As illustrated in "quick update," above, whenever you have operator input to process, there is almost always a possibility of incorrect data, and you must provide for this contingency in your code. Usually, what you need to do when the input is wrong is:
In the preceding code for the "quick update" transaction, we used the message field to describe the error (the first one, anyway). We highlighted all the fields in error, provided there was any data in them to highlight, and we set the length subfields to -1 so that BMS would place the cursor in the first bad field. We send this information using the same map, as follows:
REJECT-INPUT.
MOVE LOW-VALUES TO ACCTNOO CHGO.
EXEC CICS SEND MAP('QUPMAP') MAPSET('QUPSET') FROM(QUPMAPO)
DATAONLY END-EXEC.
Notice that we specify the DATAONLY option.

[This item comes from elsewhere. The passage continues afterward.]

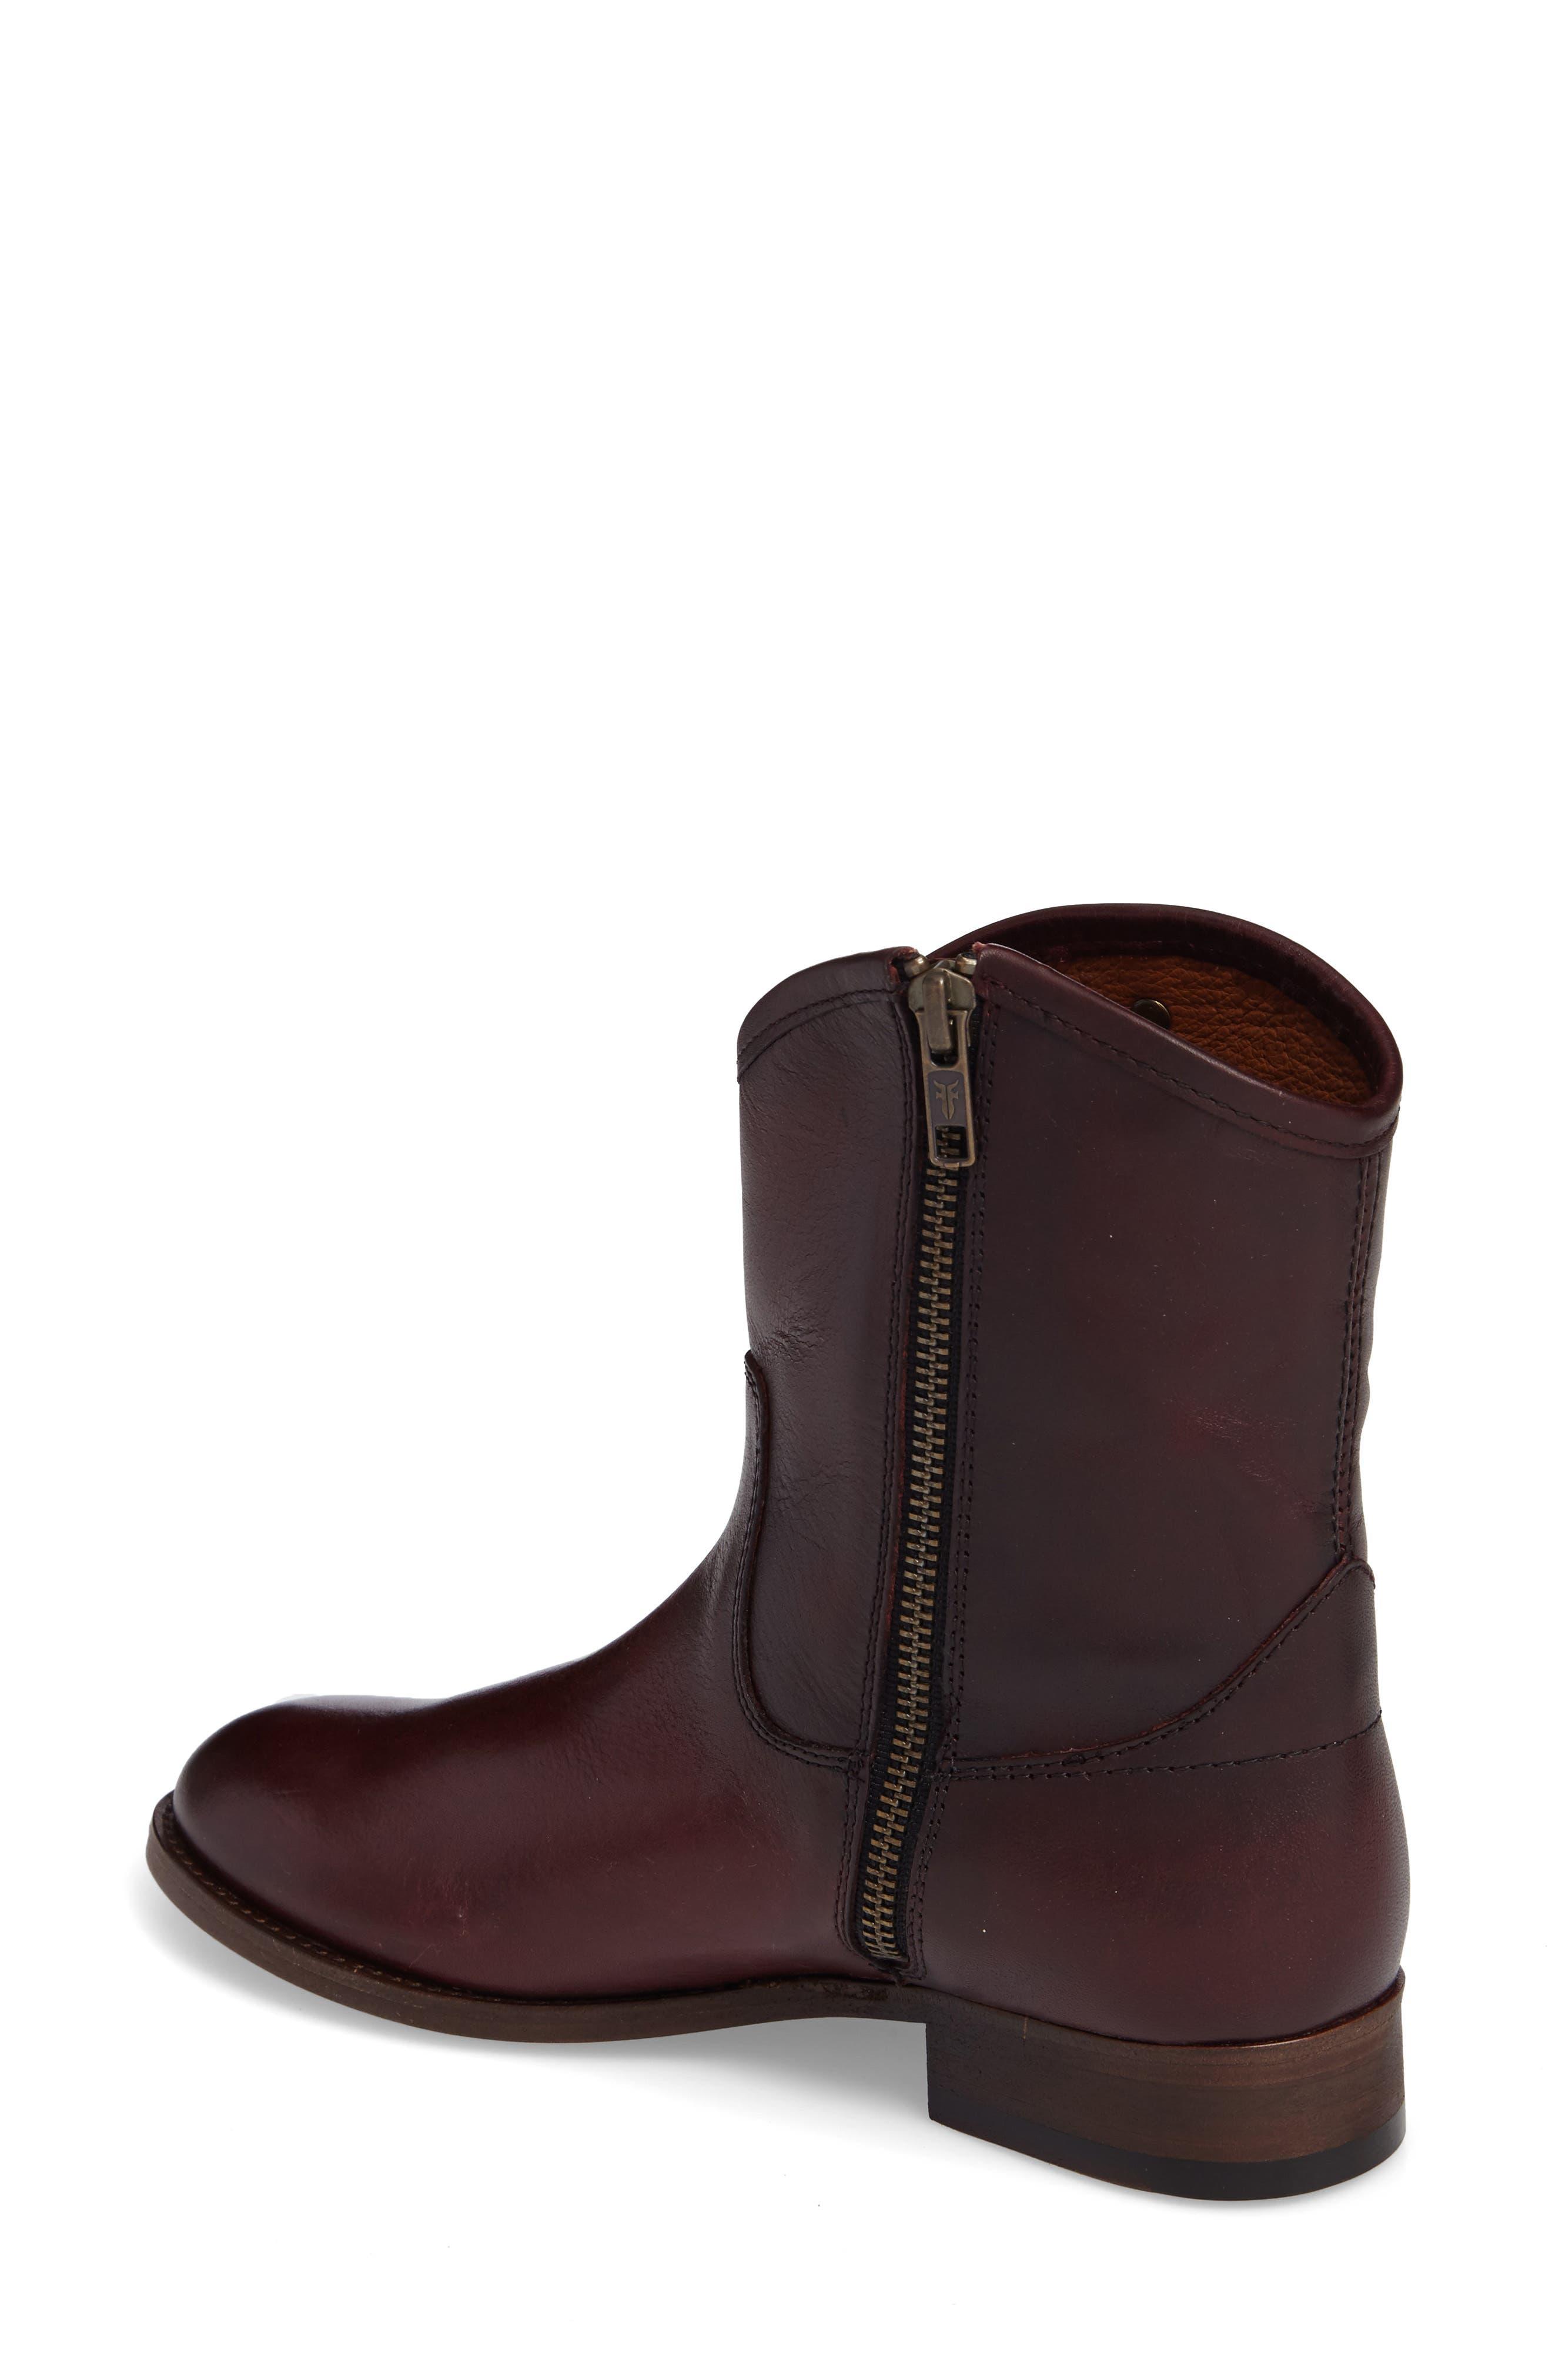 Melissa Short 2 Boot,                             Alternate thumbnail 2, color,                             Wine Leather

We can do this because the constant part of the map is still on the screen, and there is no point in rewriting it there. We cleared the output fields ACCTNOO and CHGO, to avoid sending back the input we had received, and we used a different attributes combination to make the ACCTNO field bright (DFHUNIMD instead of DFHBMBRY). DFHUNIMD highlights the field and leaves the modified data tag on, so that if the operator resends without changing the field, the account number is retransmitted.
The next step is to ensure that whatever good data the operator entered gets saved. One easy technique is to store the data on the screen. You do not have to do anything additional to accomplish this; once the MDT in a field is turned on, as it is the first time the operator touches the field, it remains on, no matter how many times the screen is read. Tags are not turned off until you erase the screen, turn them off explicitly with the FRSET option on your SEND, or set the attributes subfield to a value in which the tag is off.
The drawback to saving data on the screen is that all the data is lost if the operator uses the CLEAR key. If your task is conversational, you can avoid this hazard by moving the input to a safe area in the program before sending the error information and asking for corrections. In a pseudoconversational sequence, where the component tasks do not span interactions with the terminal, the equivalent is for the task that detects the error to pass the old input forward to the task that processes the corrected input. You can forward data through a COMMAREA on the RETURN command that ends a task, by writing to temporary storage, or in a number of other ways (see Sharing data across transactions for possibilities).
In addition to avoiding the CLEAR key problem, storing data in your program or in a temporary storage queue reduces inbound transmission time, because you transmit only changed fields on the error correction cycles. (You must specify FRSET when you send the error information to prevent the fields already sent and not corrected from coming in again.) You can also avoid repeating field audits because, after the first time, you need to audit only if the user has changed the field or a related one.
However, these gains are at the expense of extra programming and complexity, and therefore the savings in line time or audit path length must be considerable, and the probability of errors high, to justify this choice. You must add code to merge the new input with the old, and if you have turned off the MDTs, you need to check both the length and the flag subfield to determine whether the operator has modified a map field. Fields with new data have a nonzero length; those which had data and were subsequently erased have the high-order bit in the flag subfield on.
A good compromise is to save the data both ways. If the operator clears the screen, you use the saved data to refresh it; otherwise you simply use the data coming in from the screen. You do not need any merge logic, but you protect the operator from losing time over an unintended CLEAR.
For our "quick update" code, with its minimal audits and transmissions, we choose the "do nothing" approach and save the information on the screen.
The last requirement is to ensure that the input data is rechecked. If your task is conversational, this simply means repeating the audit section of your code after you have received (and merged, if necessary) the corrected input. In a pseudoconversational sequence, you usually repeat the transaction that failed. In the example, because we saved the data on the screen in such a way that corrected data is indistinguishable from new data, all we need to do is arrange to execute the same transaction against the corrected data, thus:
EXEC CICS RETURN TRANSID('QUPD') END-EXEC.
where ‘QUPD’ is the identifier of the "quick update" transaction.